Ночь я провел в спокойной бухте вблизи Менли, где
сиднейский портовый полицейский катер указал мне место стоянки.
Прибывшие полисмены принялись подозрительно изучать какую-то найденную у
меня старую книгу. Бдительность полиции Нового Южного Уэльса поистине
изумительна и широко известна во всем мире. Видимо, у полиции был
хитроумный план получить какую-то ценную информацию, потому они и
поторопились меня встретить. Кое-кто говорил, что меня собирались
арестовать, — что же, это их дело.
Наступало лето, и сиднейская гавань была переполнена
яхтами. Многие из них подходили посмотреть закаленного в бурях и
невзгодах «Спрея». На протяжении нескольких недель «Спрей» неоднократно
менял место стоянки в этом огромном порту, и повсюду его навещали разные
приятные люди, а чаще всего офицеры с английского военного корабля
«Орландо», приезжавшие со, своими знакомыми. Однажды прибыл командир
корабля мистер Фишер в обществе нескольких молодых дам из города и
офицеров своего экипажа. Они появились во время сильнейшего дождя,
какого я не видел нигде, даже в Австралии. Каким бы сильным ни был этот
дождь, он не мог охладить пылкого настроения моих гостей. Тут как на
грех появился юный джентльмен из знаменитого яхт-клуба, одетый в
парадную форму, на которой было столько медных пуговиц, что они могли
свободно потянуть человека ко дну. Желая выбраться на сухое место,
джентльмен прыгнул не туда, куда нужно, и сразу нырнул в открытую бочку,
поставленную для сбора дождевой воды. Будучи маленького роста, молодой
яхтсмен весь исчез в бочке и чуть было не утонул. Насколько я помню, это
был единственный смертельно опасный случай на борту «Спрея» за все
время плавания, Молодой человек, совершивший удивительную ошибку, прибыл
на «Спрей», чтобы засвидетельствовать свое почтение. По решению клуба, к
которому он принадлежал, «Спрей» не мог быть официально признан
спортивной яхтой, так как я не привез формальных документов от
американских яхт-клубов. Это усугубилось тем, что я оказался в еще более
неловком положении, поскольку получилось, что, не занимаясь ловлей
яхтсменов, как будто попытался упрятать одного яхтсмена в бочку.

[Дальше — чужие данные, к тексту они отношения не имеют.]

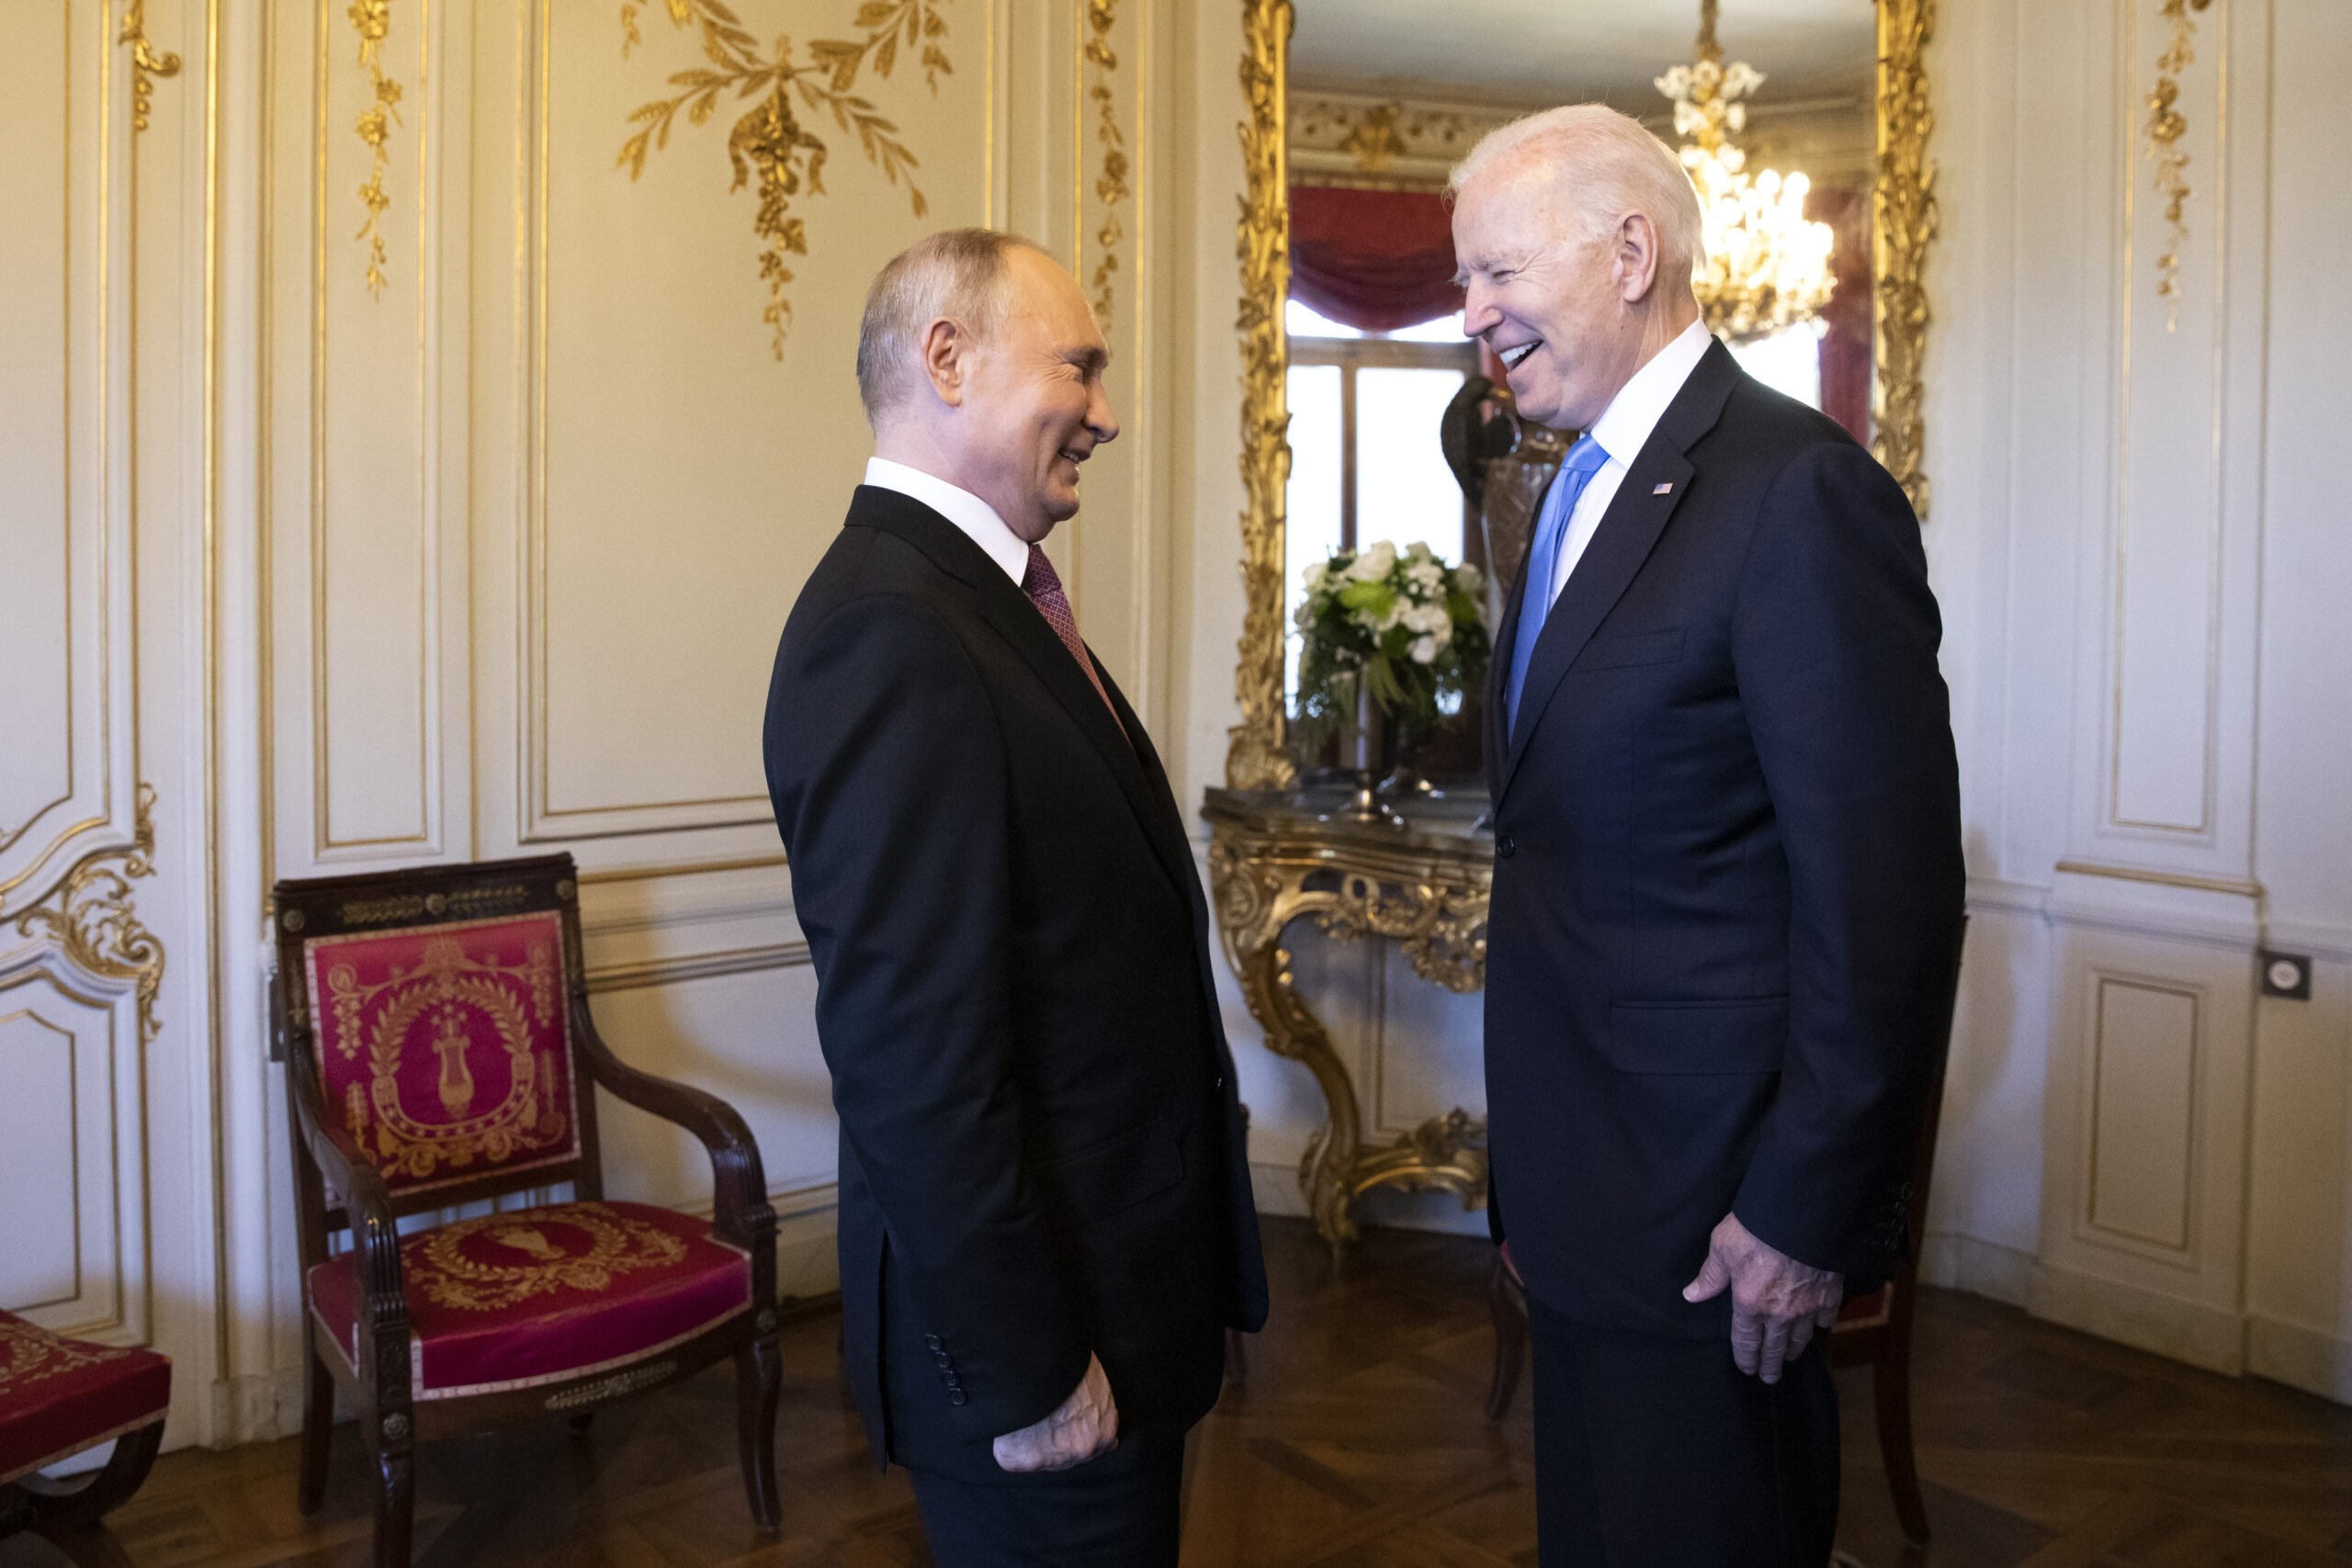 Psaki Says Biden Agreed to Meeting With Putin, ‘Provided Russia Does Not Proceed With Military Action’ in Ukraine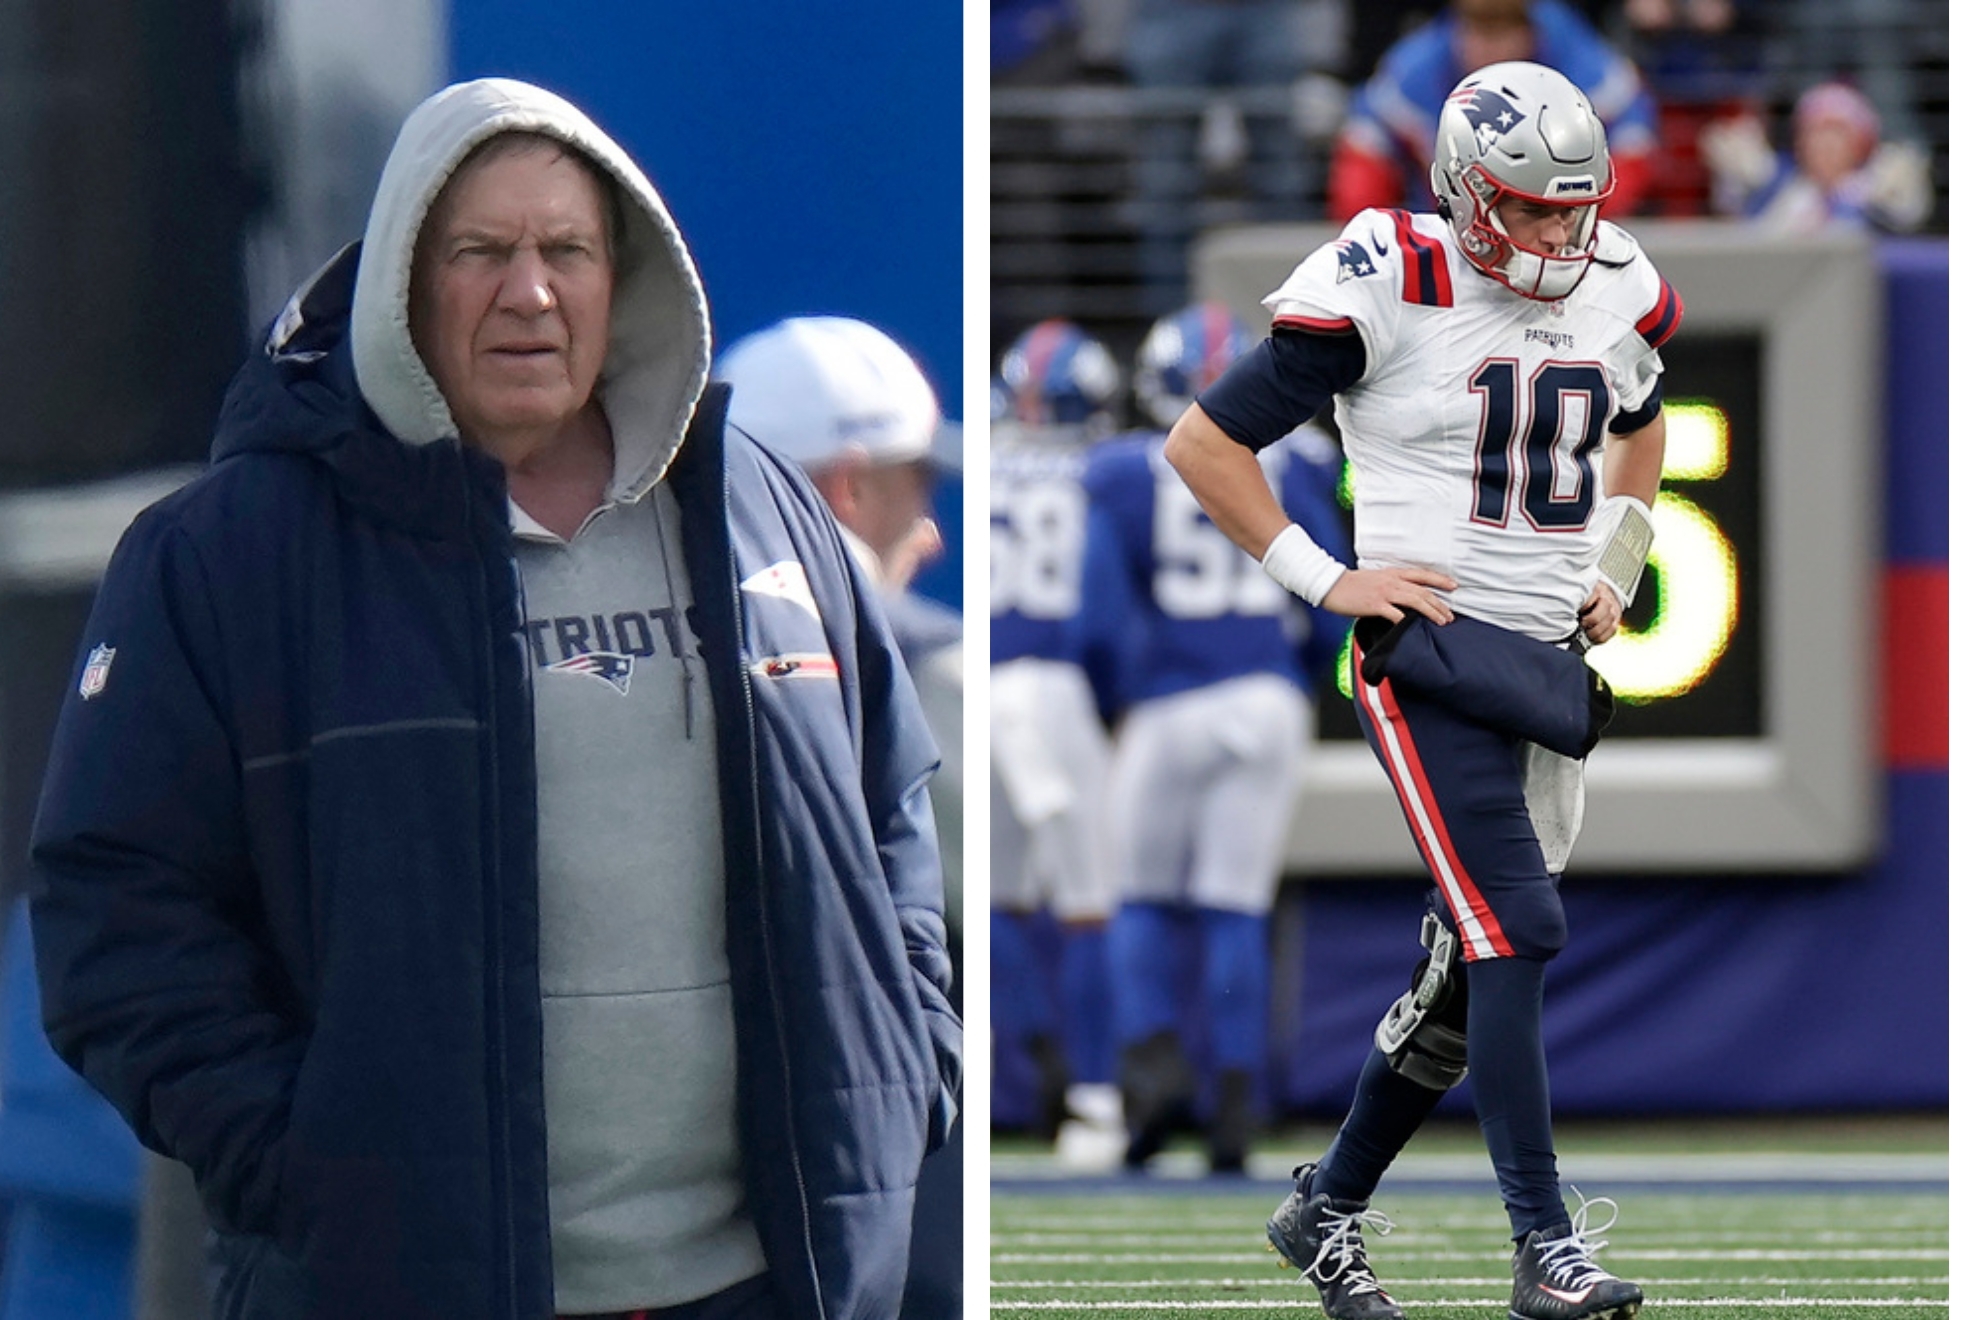 The Patriots have had a nightmare season with a record of 2-8

Типичной сиднейской парусной яхтой является удобное
для управления одномачтовое судно большой ширины и с огромной площадью
парусов. Однако опрокидываются они не часто, так как яхтсмены управляют
парусами так же умело, как это делали на своих судах викинги. В Сиднее я
видел всякие яхты — от нарядных паровых катеров и парусных тендеров до
маленьких шлюпок и каноэ, скользивших по заливу. В Австралии у каждого
есть лодка, и если иной паренек не имеет средств ее купить, то строит
сам, причем, как правило, не имеет оснований краснеть за свою работу.
Во время стоянки в Сиднее «Спрей» сбросил свой
покрытый заплатами огнеземельский грот, поднял новый парус, полученный в
дар от коммодора Фоя, и даже стал флагманом, когда моряки сиднейской
гавани проводили ежегодную регату.
Яхтсмены «признали» мой «Спрей» и решили, что он
представляет свой собственный яхт-клуб. Его достижения были отмечены
самыми изощренными австралийскими выражениями признания.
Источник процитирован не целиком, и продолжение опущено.